▶ **What this task involves**
Below are some entries. Return exactly the lines from the one with "Press Release: Discover" through the final line, leaving out any pictures.

▶ **Source records**

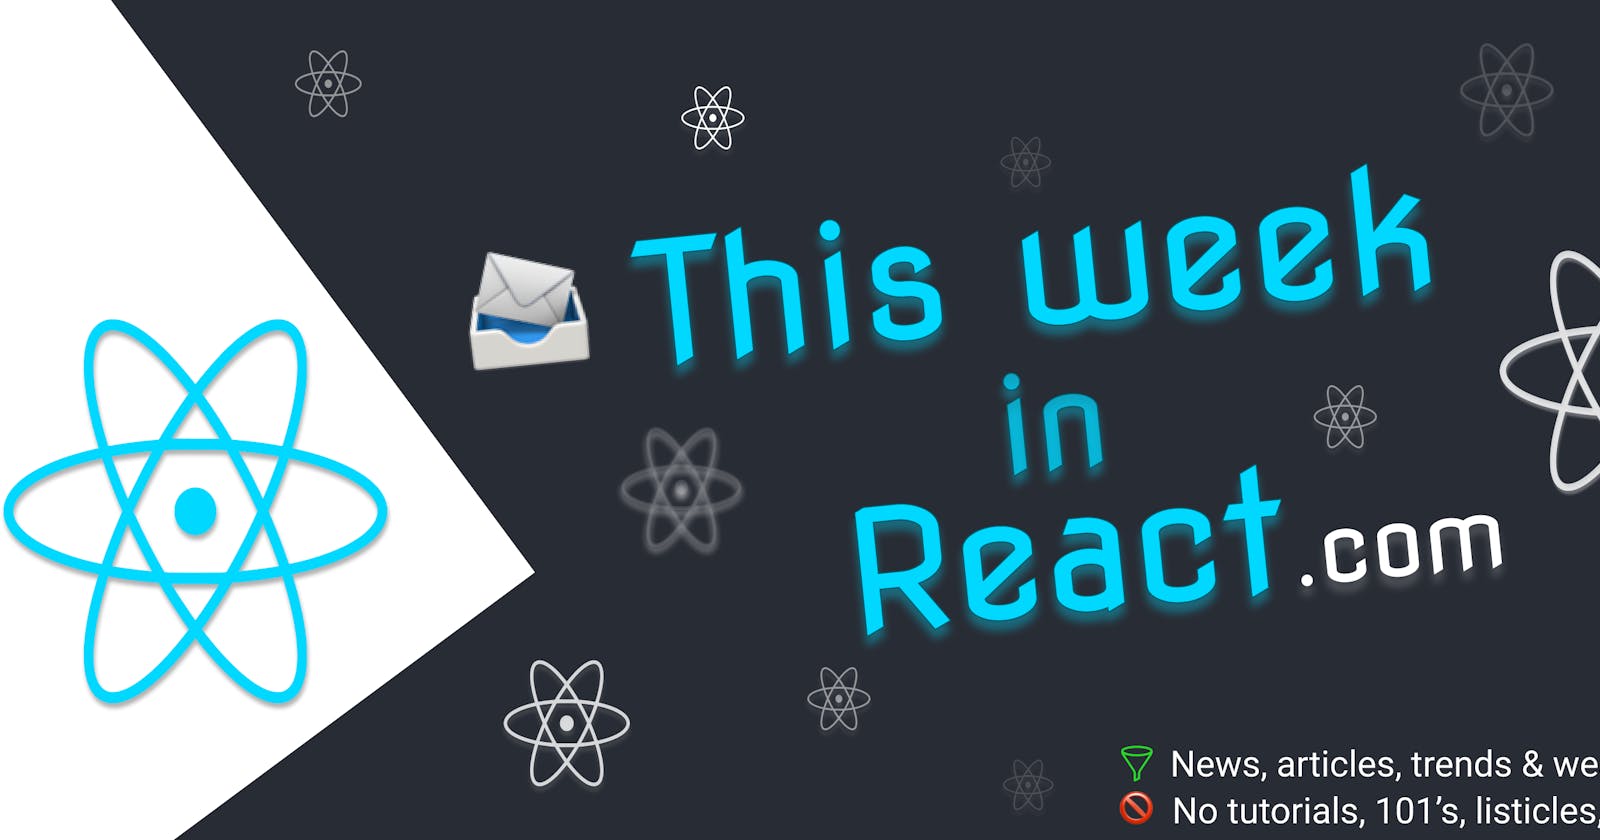 This Week In React #132: Astro, Remix, Server Components, useGlobalState, Next.js, Redwood, Expo Router, Expo Image...
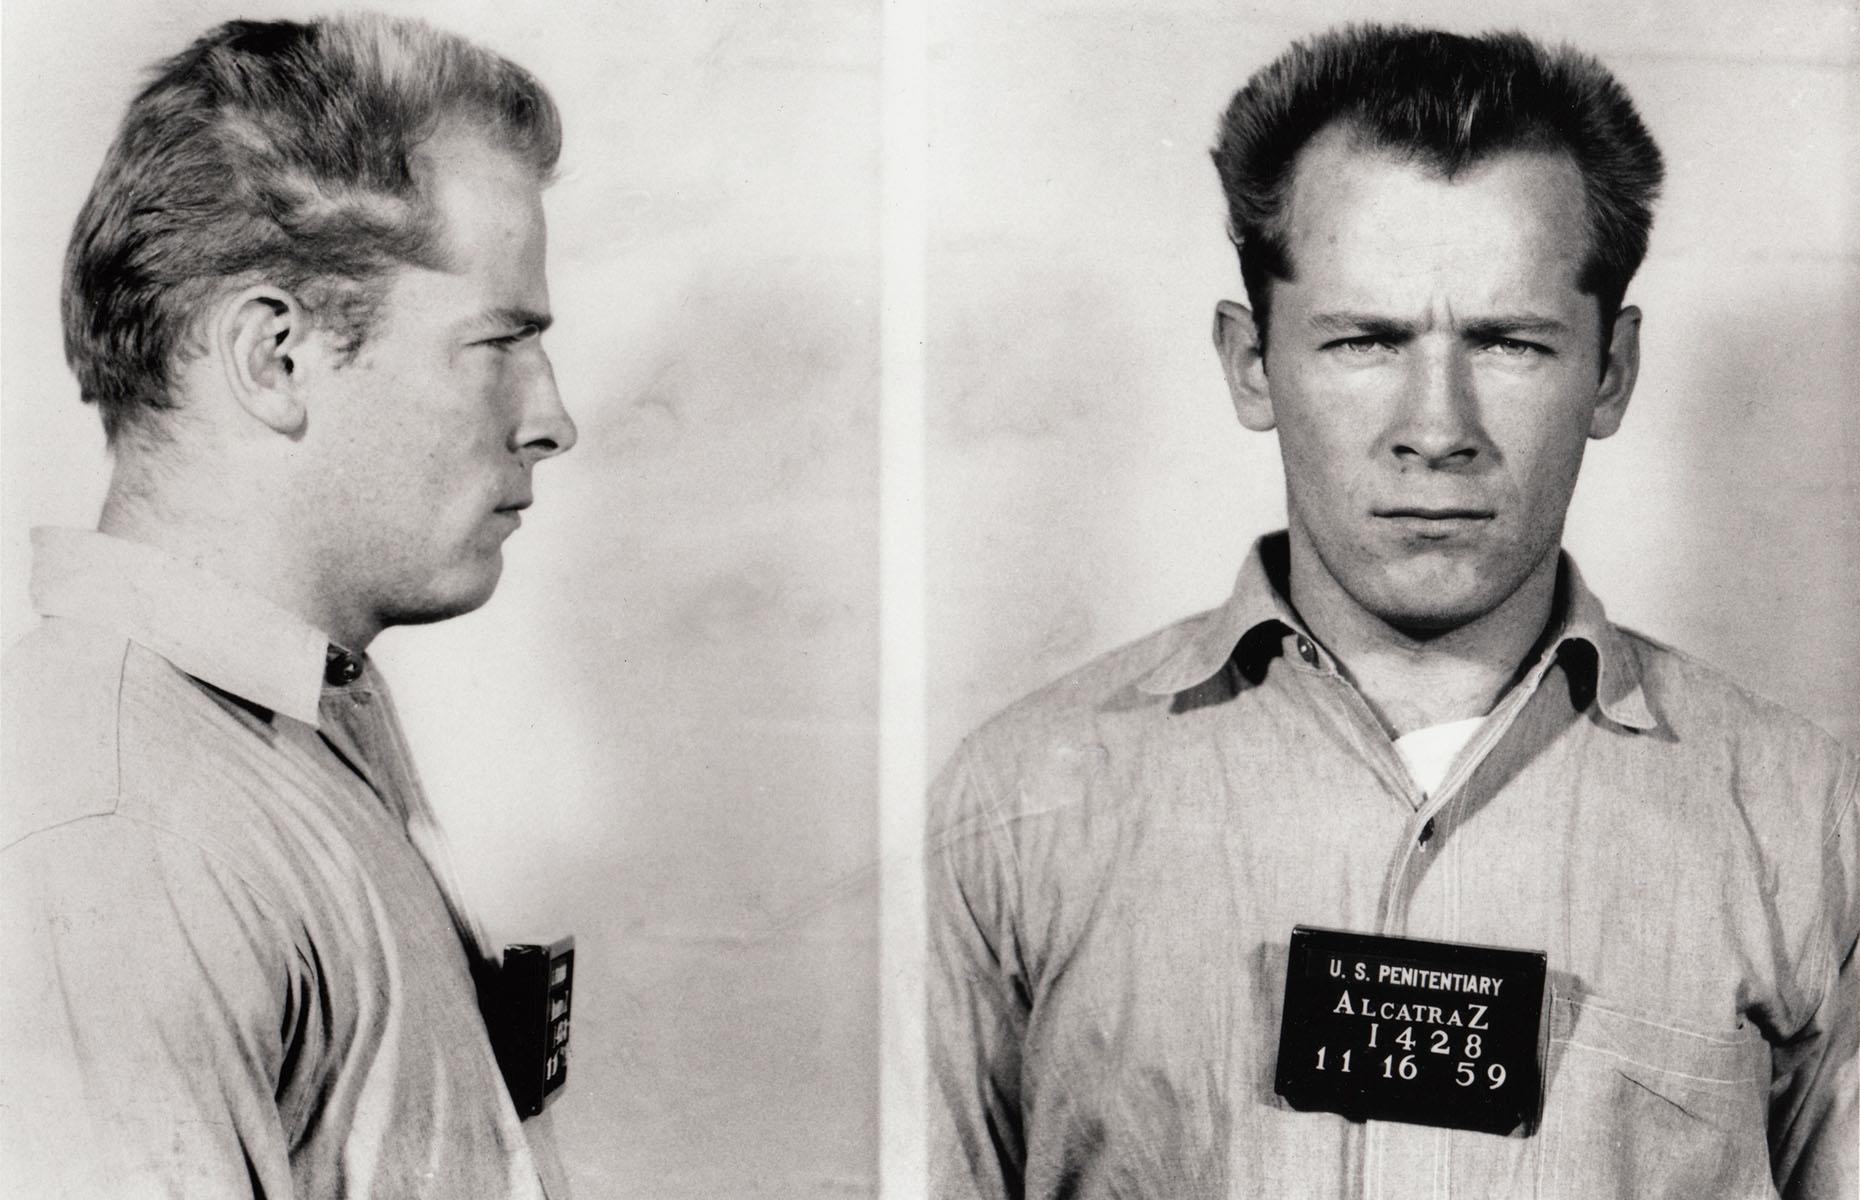 <p>One of the more recent criminals to arrive on Alcatraz's shores, James 'Whitey' Bulger only died in 2018. He was a notorious organized crime boss who led the Boston-area Winter Hill Gang, and had reportedly also been a high-level FBI informant starting in the mid-1970s. He spent a brief period in Alcatraz starting in 1959, but was later out of prison for 46 years. When he was eventually arrested again in 2011, the charges included 19 murders.</p>
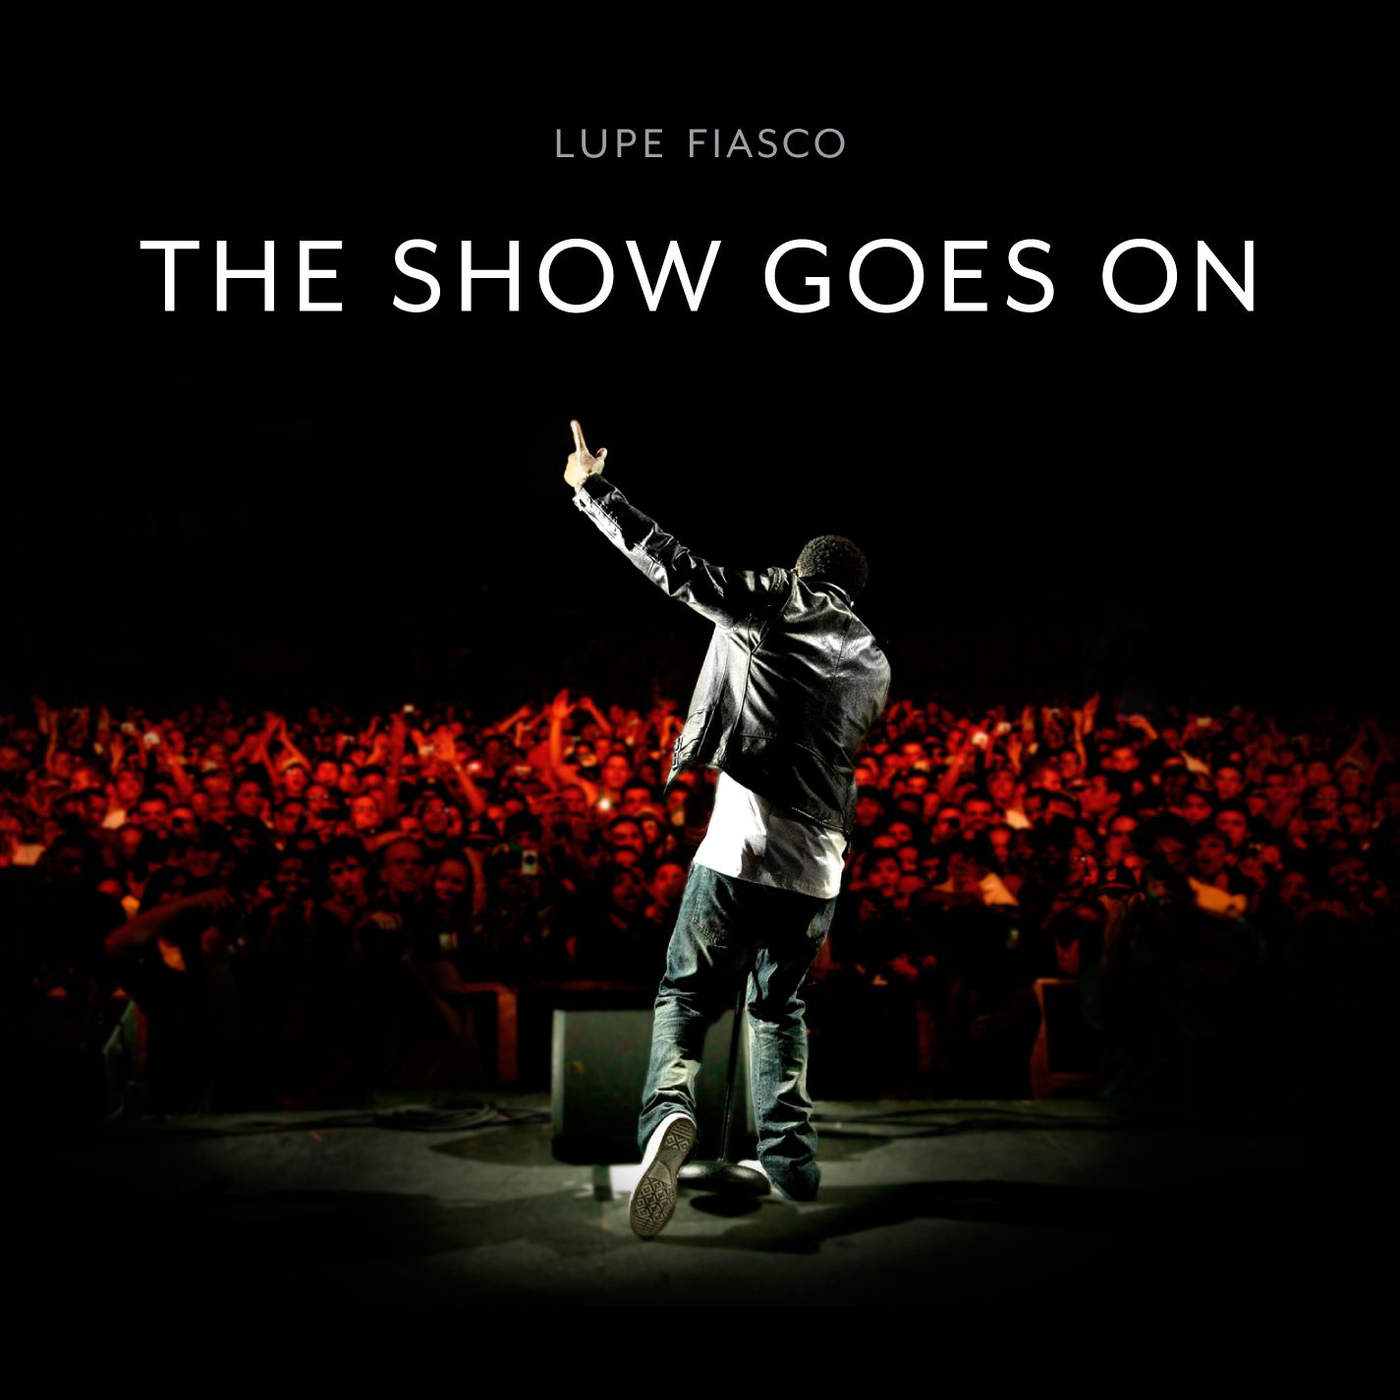 Art for The Show Goes On by Lupe Fiasco
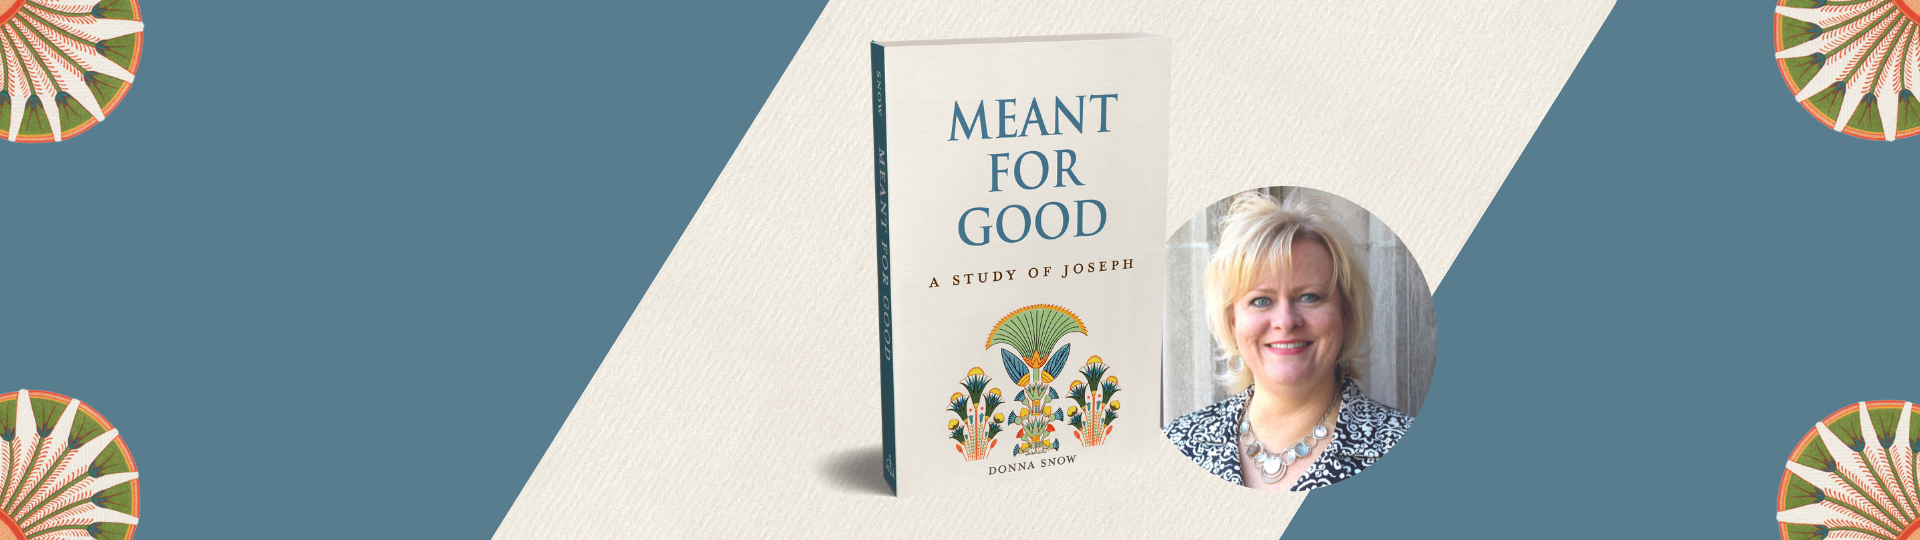 Press Release: Discover Hope and Faithfulness through the Grand Story of Joseph
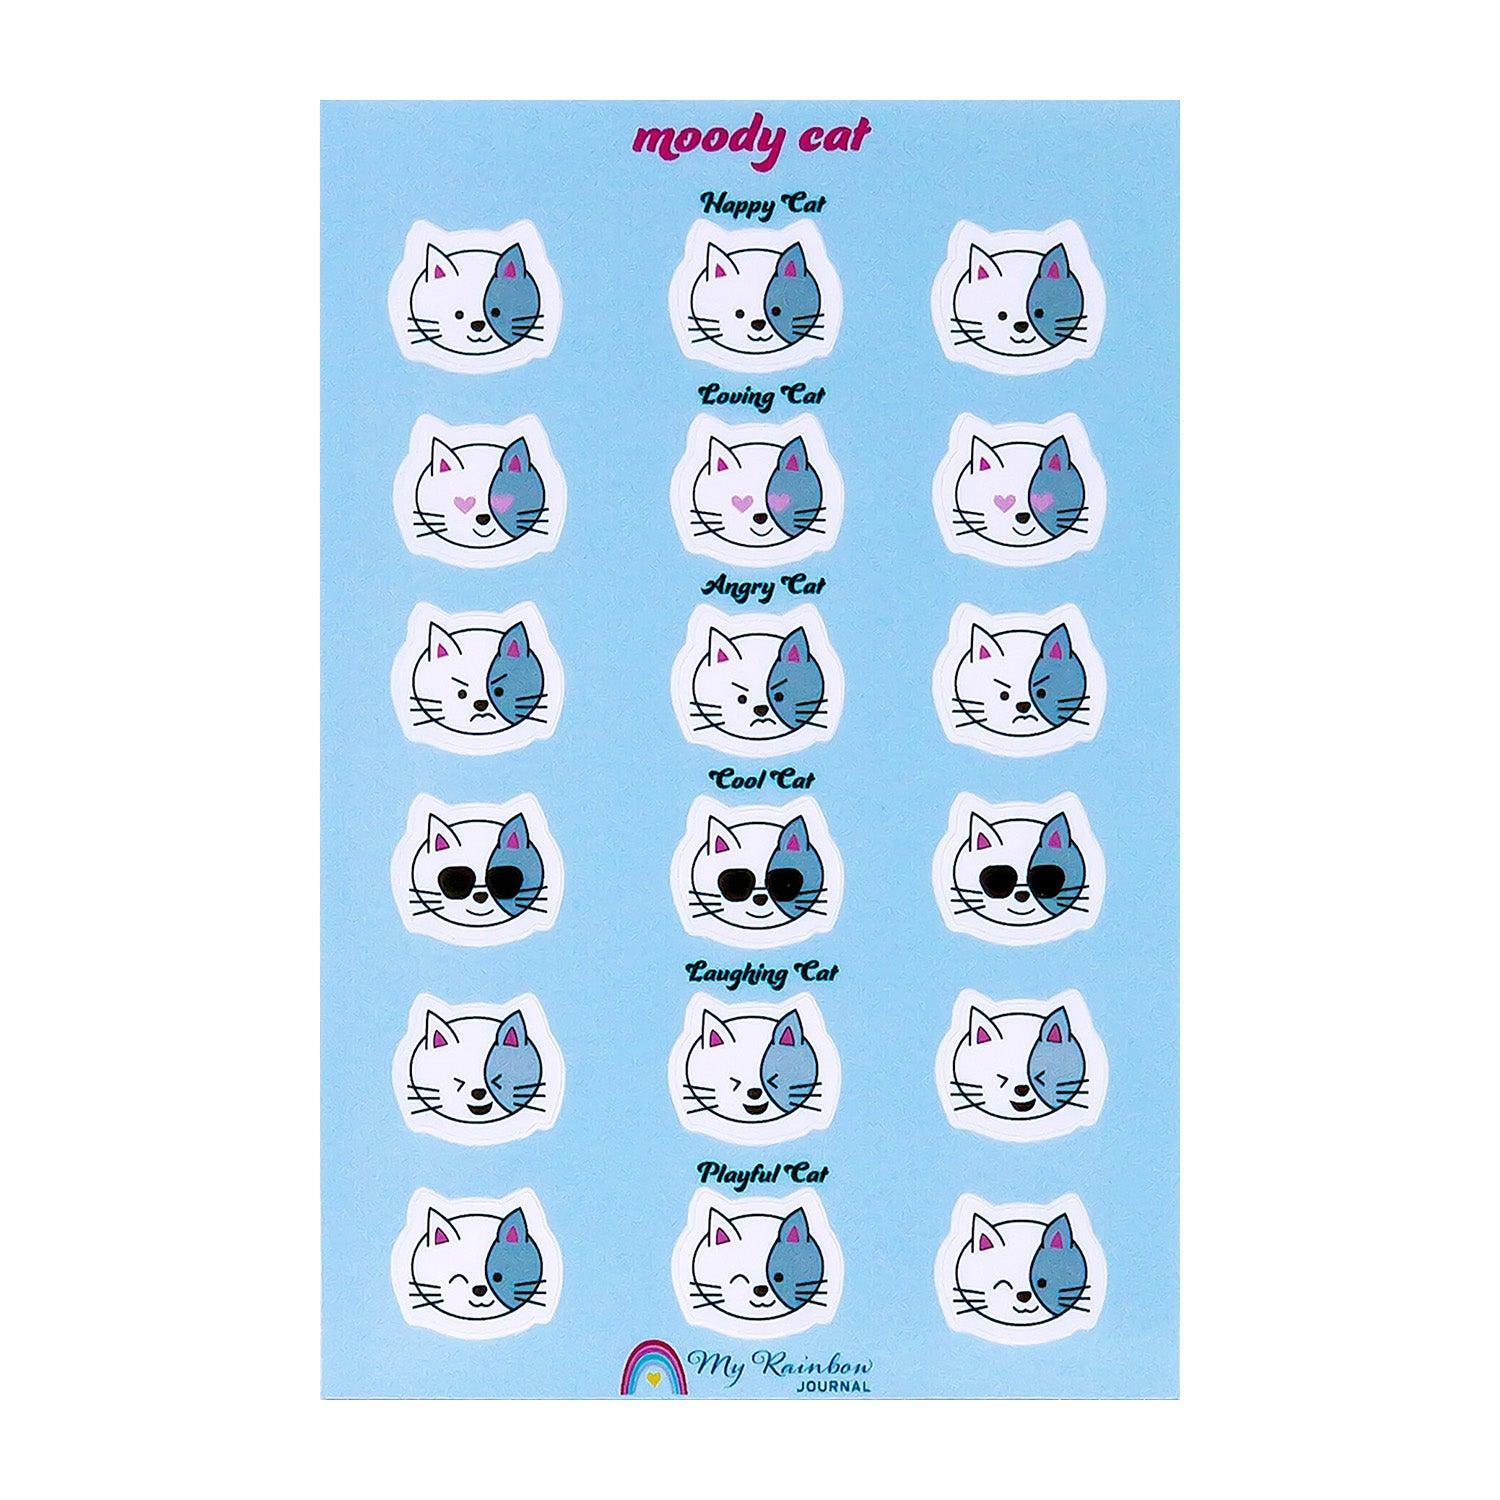 Moody Cat Sticker Sheet features a cat that is very moody and expresses different emotions in a funny and adorable way.

▶ **Result of the exercise**
 Press Release: Discover Hope and Faithfulness through the Grand Story of Joseph
 Moody Cat Sticker Sheet features a cat that is very moody and expresses different emotions in a funny and adorable way.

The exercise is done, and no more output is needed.